Start of MATERIAL PROVIDED

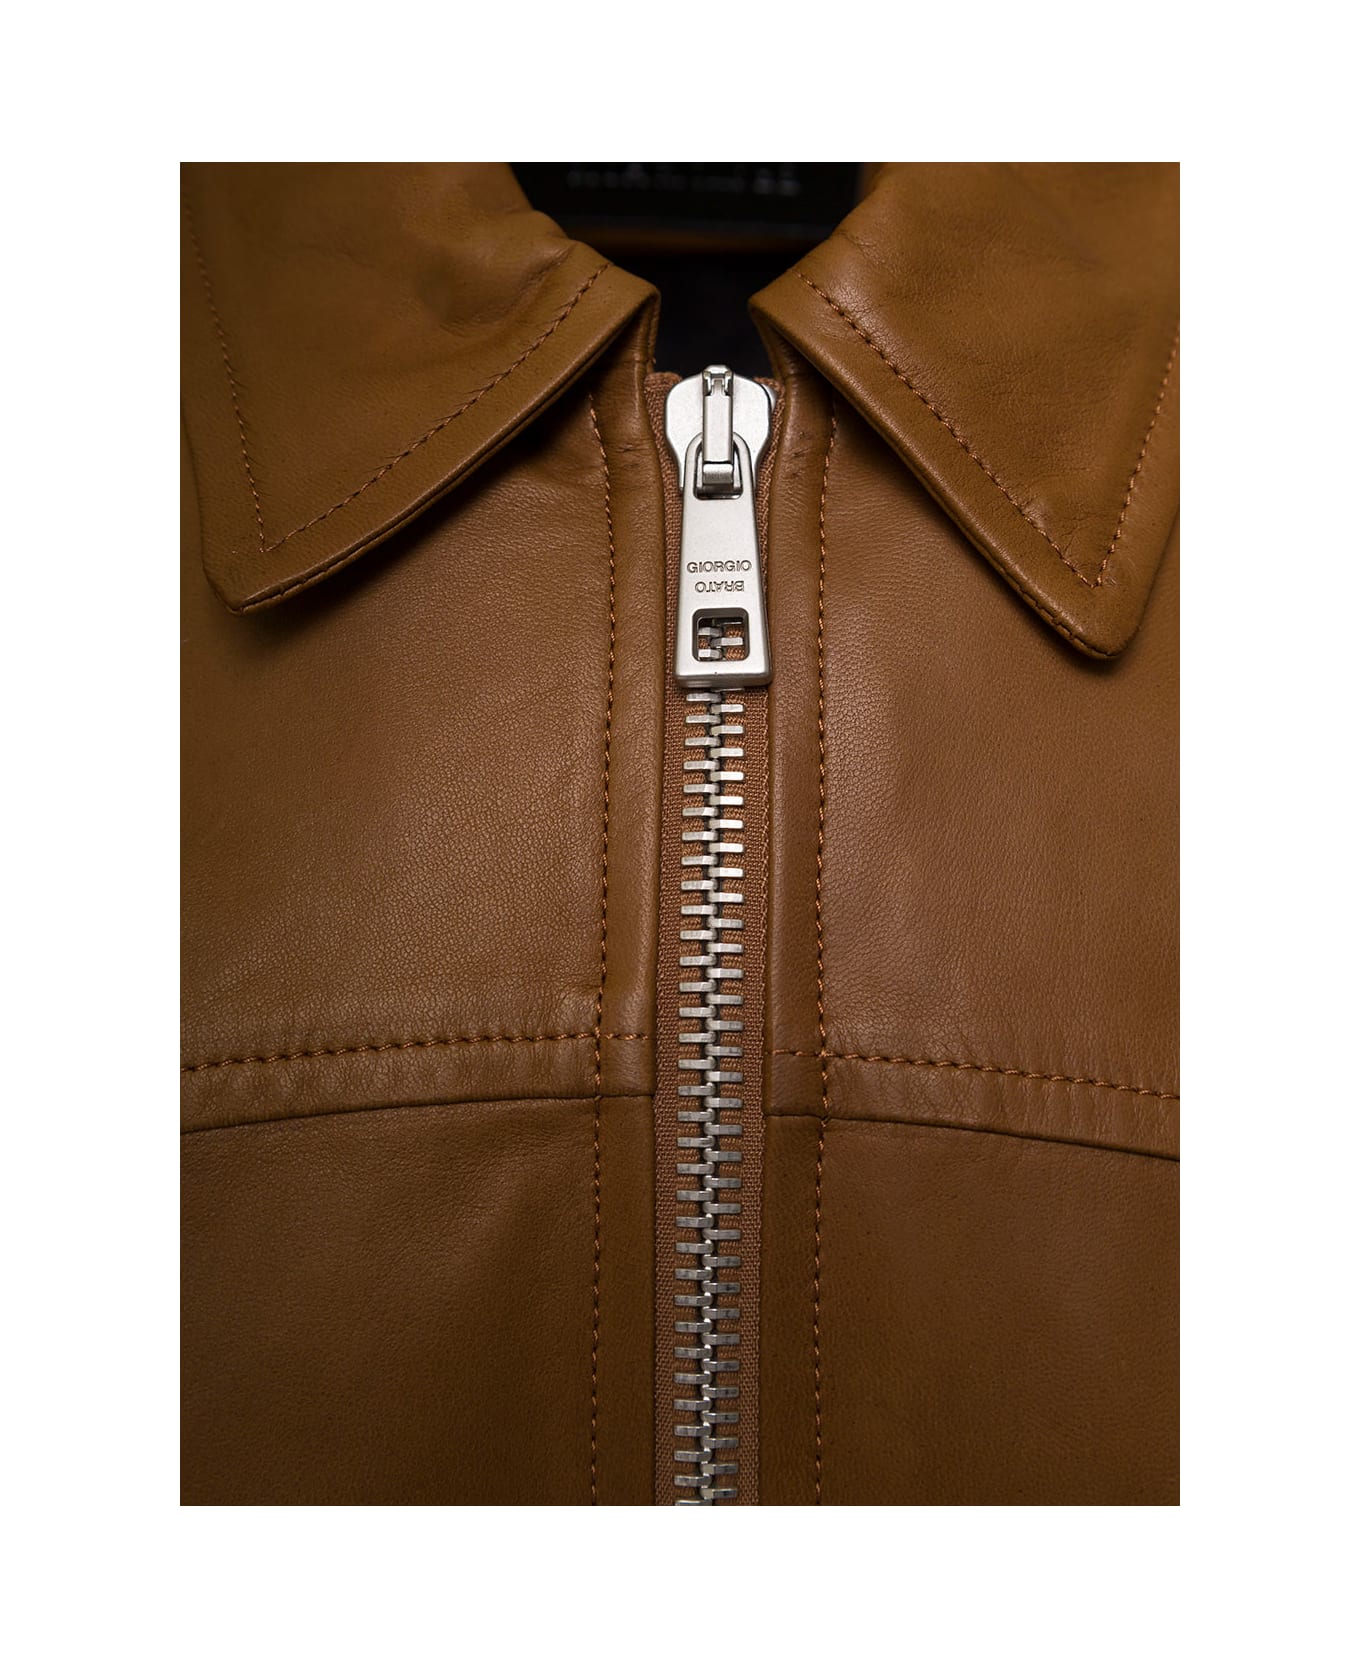 Giorgio Brato Brown Western Jacket With Two-way Zip In Leather Man - Beige
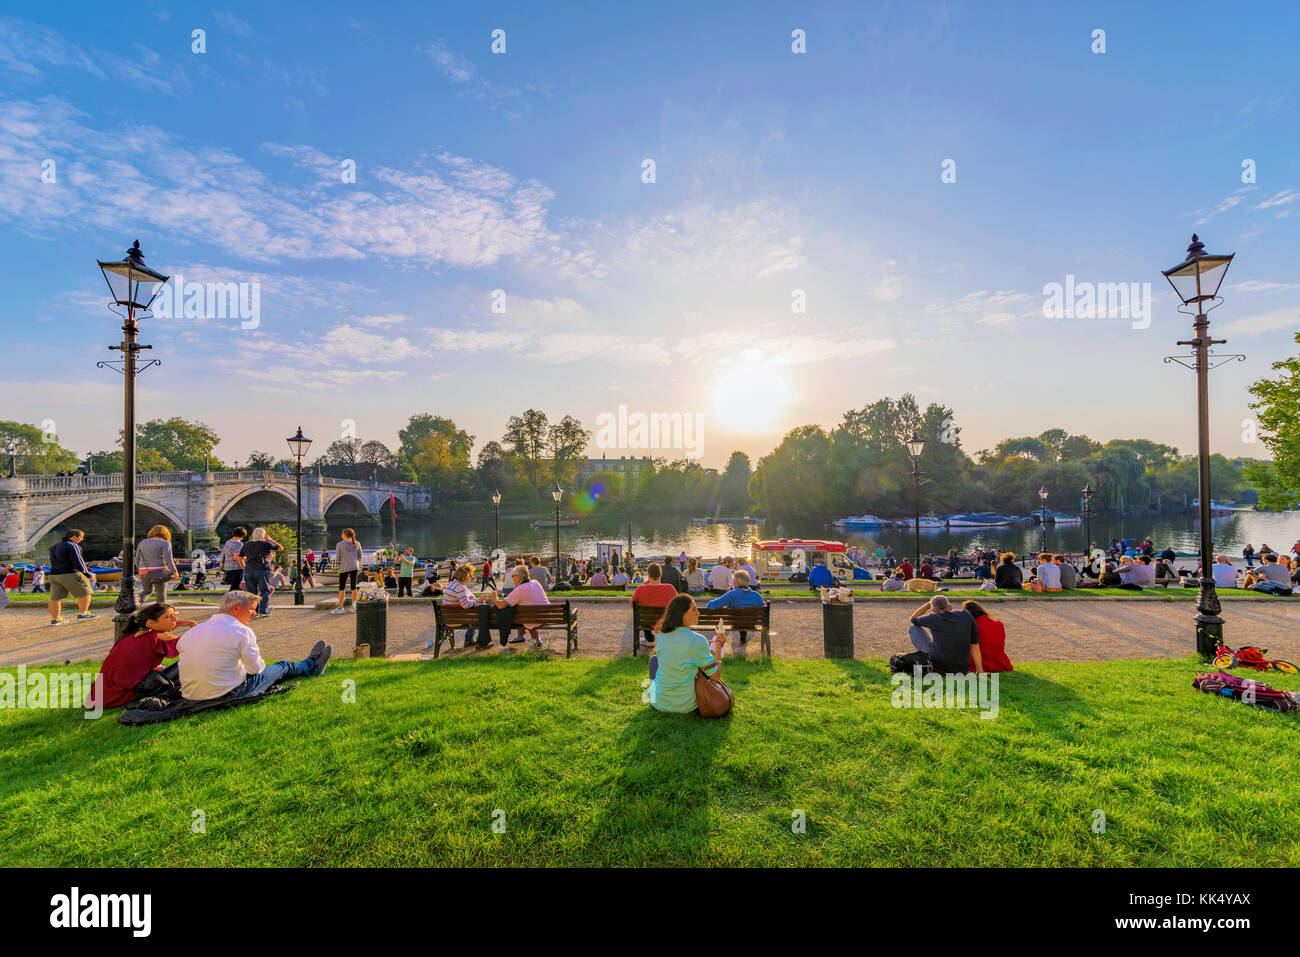 LONDON, UNITED KINGDOM - OCTOBER 16: Riverside park area of Richmond, this is a popular landmark where many people come to relax on October 16, 2017 i Stock Photo
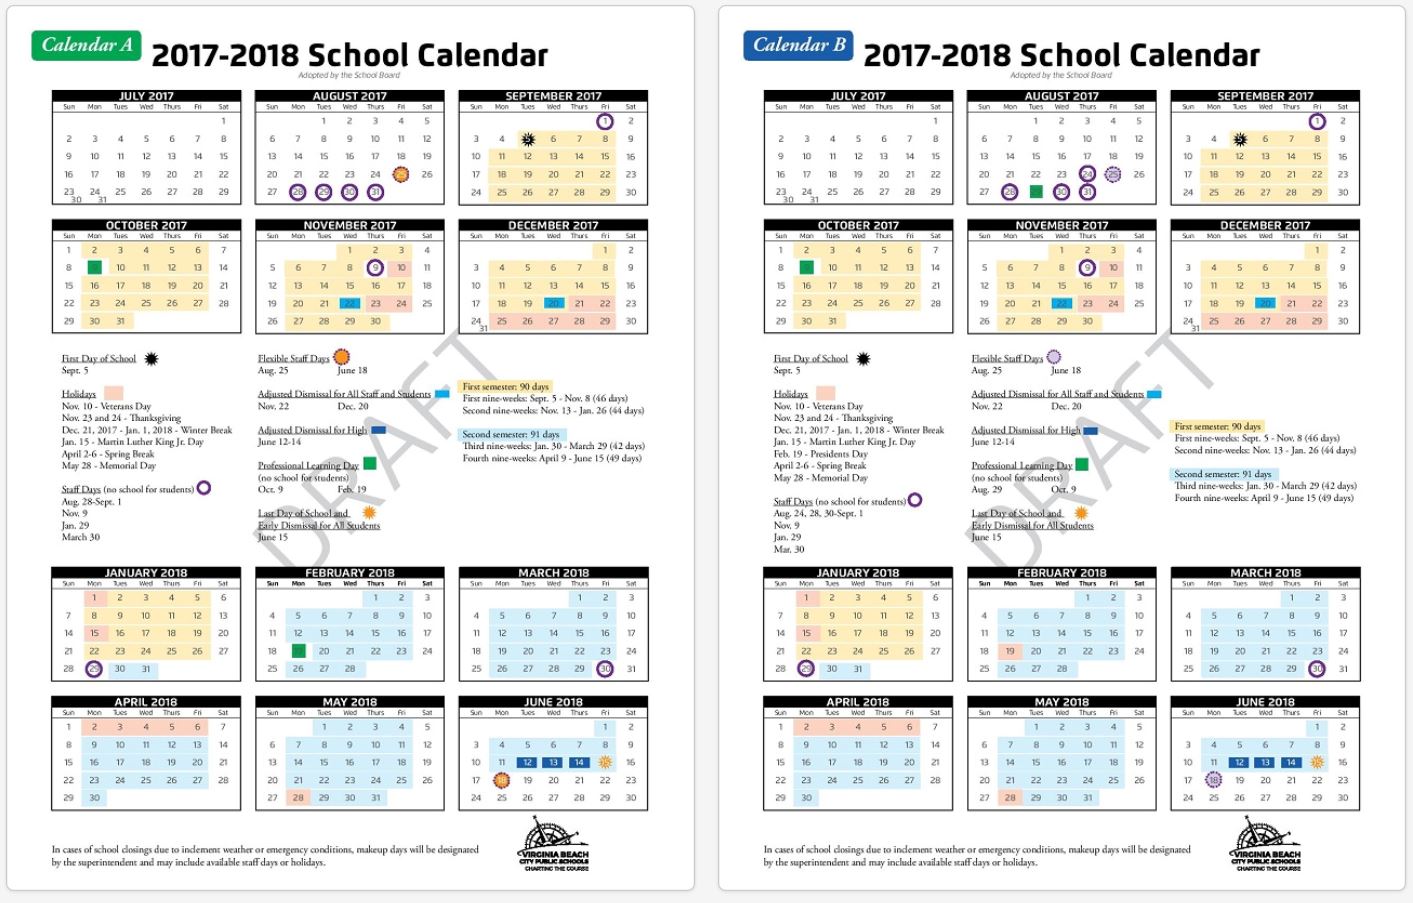 201718 school year calendar options available for review Kaleidoscope

End of MATERIAL PROVIDED

Please retype the whole listing above word for word and drop the pictures.

 Giorgio Brato Brown Western Jacket With Two-way Zip In Leather Man - Beige
 LONDON, UNITED KINGDOM - OCTOBER 16: Riverside park area of Richmond, this is a popular landmark where many people come to relax on October 16, 2017 i Stock Photo
 201718 school year calendar options available for review Kaleidoscope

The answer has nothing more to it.